Modern CPU processors are built with new, extended
instruction sets that optimize for certain operations. A
class of these allow for vectorized operations, called
Single Instruction / Multiple Data
(SIMD) instructions.
Although modern compilers will use these instructions when
possible, they are often unable to reason about whether or
not a particular block of code can be executed using SIMD
instructions.

The Numerical Template Toolbox (NT2)
is a collection of header-only C++ libraries that make it
possible to explicitly request the use of SIMD instructions
when possible, while falling back to regular scalar
operations when not. NT2 itself is powered
by Boost, alongside two proposed
Boost libraries – Boost.Dispatch, which provides a
mechanism for efficient tag-based dispatch for functions,
and Boost.SIMD, which provides a framework for the
implementation of algorithms that take advantage of SIMD
instructions. RcppNT2
wraps and exposes these libraries for use with R.

The primary abstraction that Boost.SIMD uses under the
hood is the boost::simd::pack<> data structure.
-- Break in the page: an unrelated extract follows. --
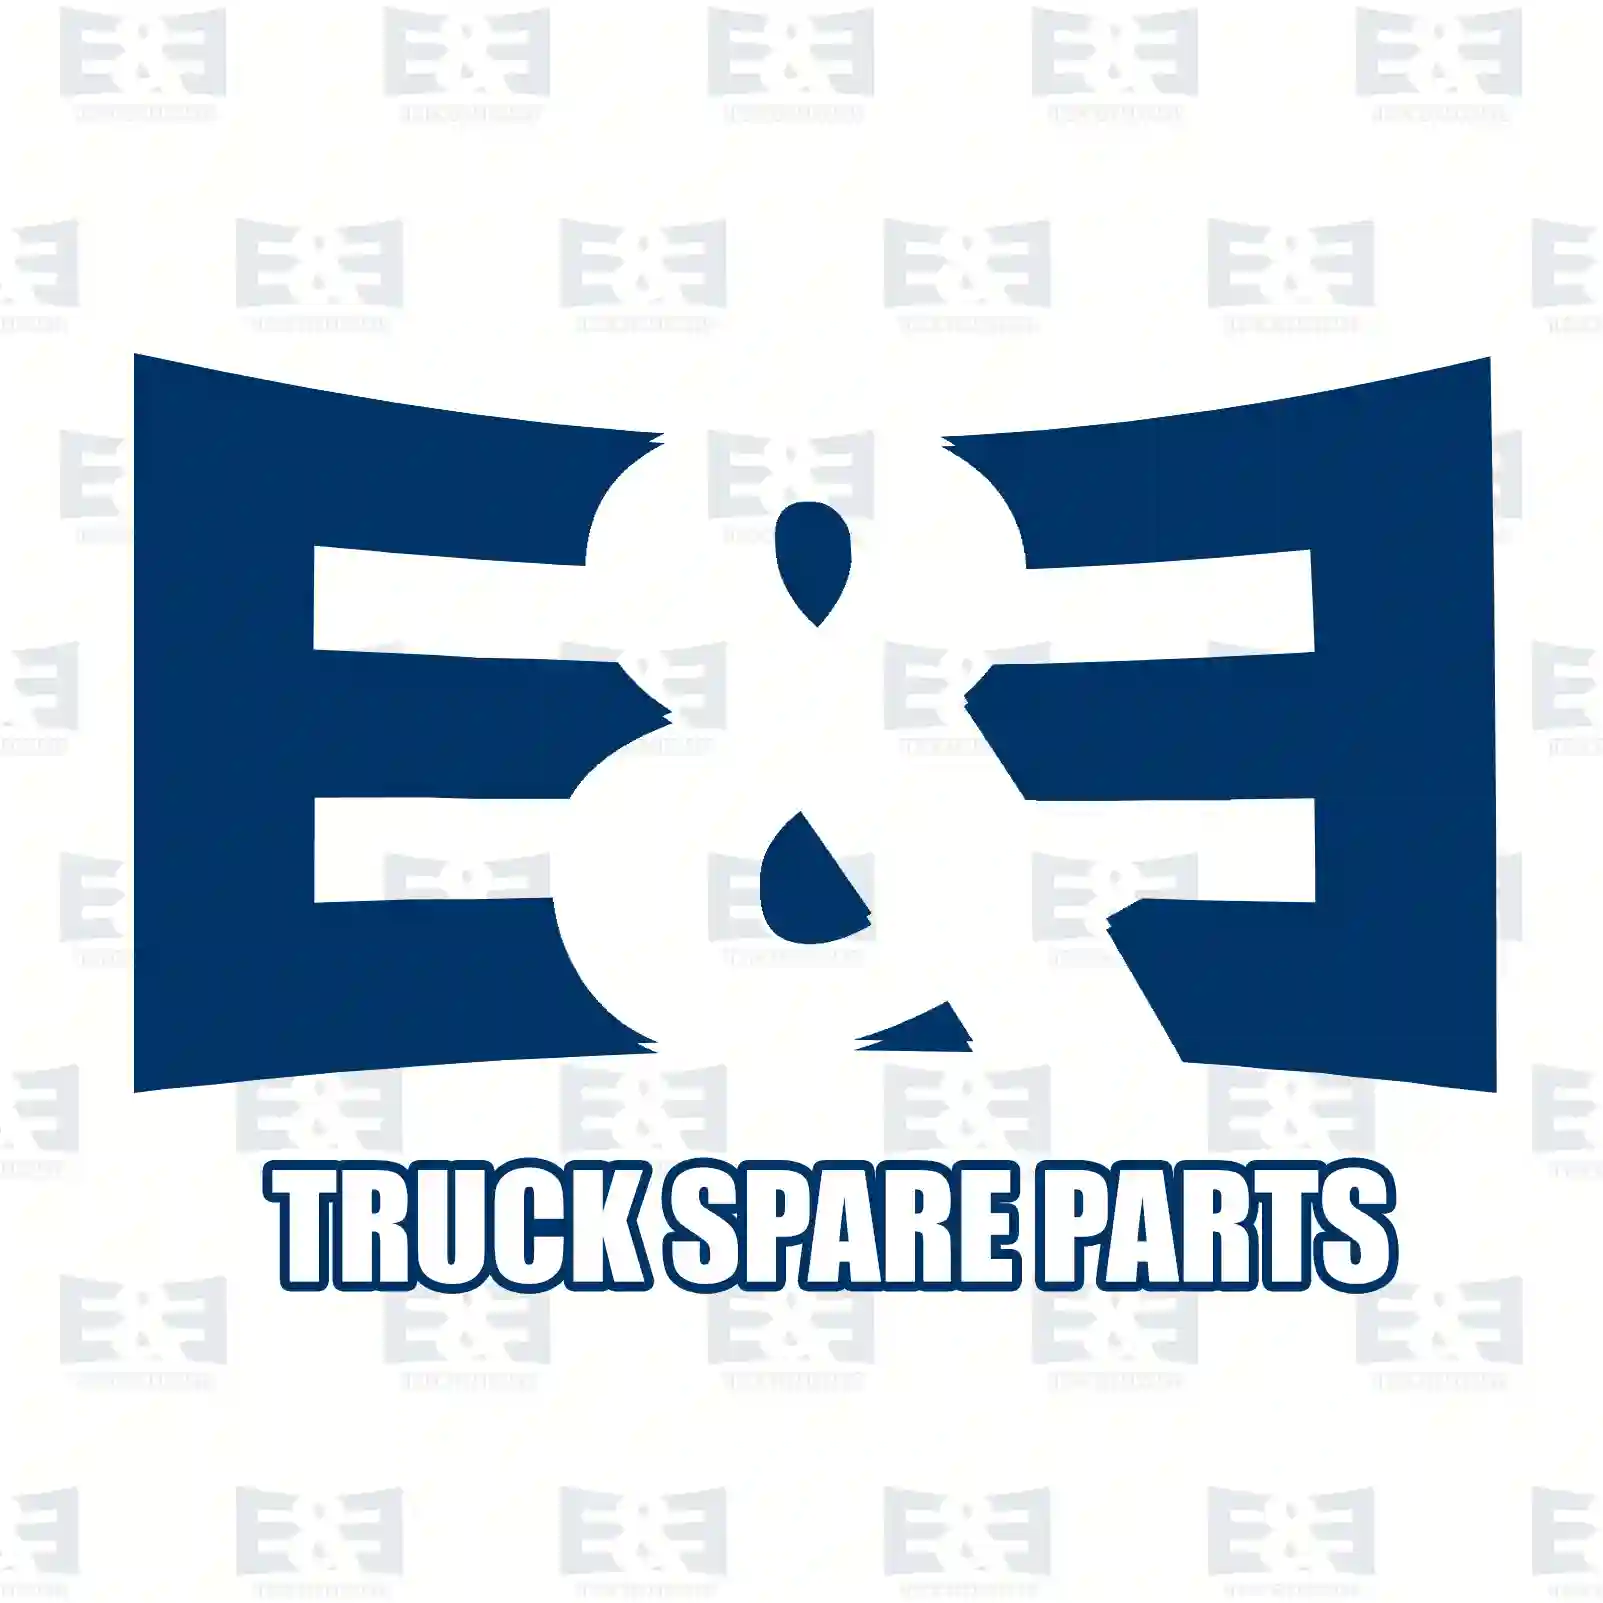 Adapter, 2E2297631, 5001866325, 20223957, ZG20211-0008 ||  2E2297631 E&E Truck Spare Parts | Truck Spare Parts, Auotomotive Spare Parts Adapter, 2E2297631, 5001866325, 20223957, ZG20211-0008 ||  2E2297631 E&E Truck Spare Parts | Truck Spare Parts, Auotomotive Spare Parts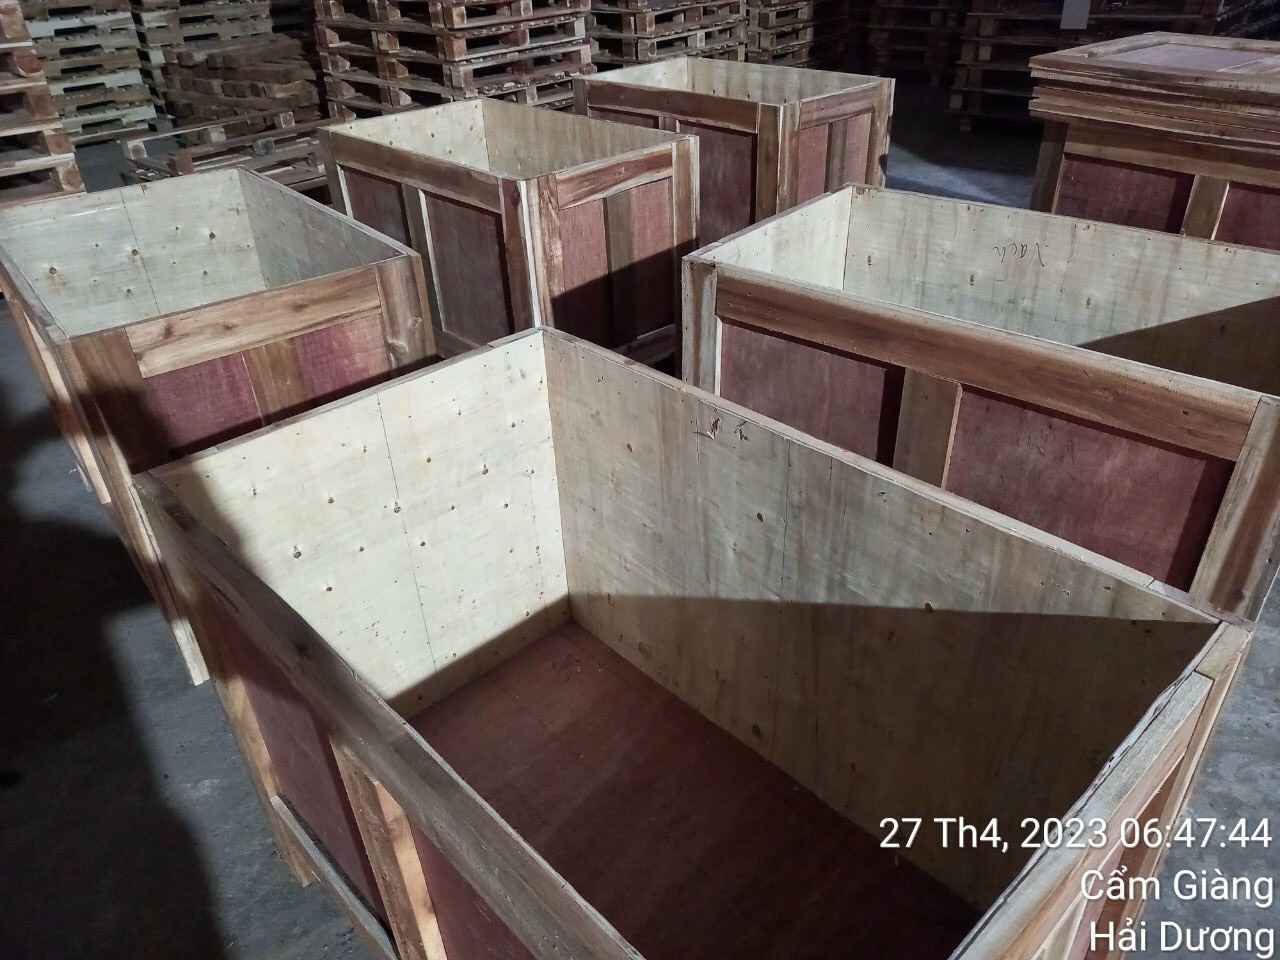 Sản xuất thùng gỗ tại Hải Dương - LH 0977248998

This item
represents a small, contiguous, pack of integral objects
(e.g. doubles), and comes with a host of functions that
facilitate the use of SIMD operations on those objects when
possible. Although you don’t need to know the details to use
the high-level functionality provided by Boost.SIMD, it’s
useful for understanding what happens behind the scenes.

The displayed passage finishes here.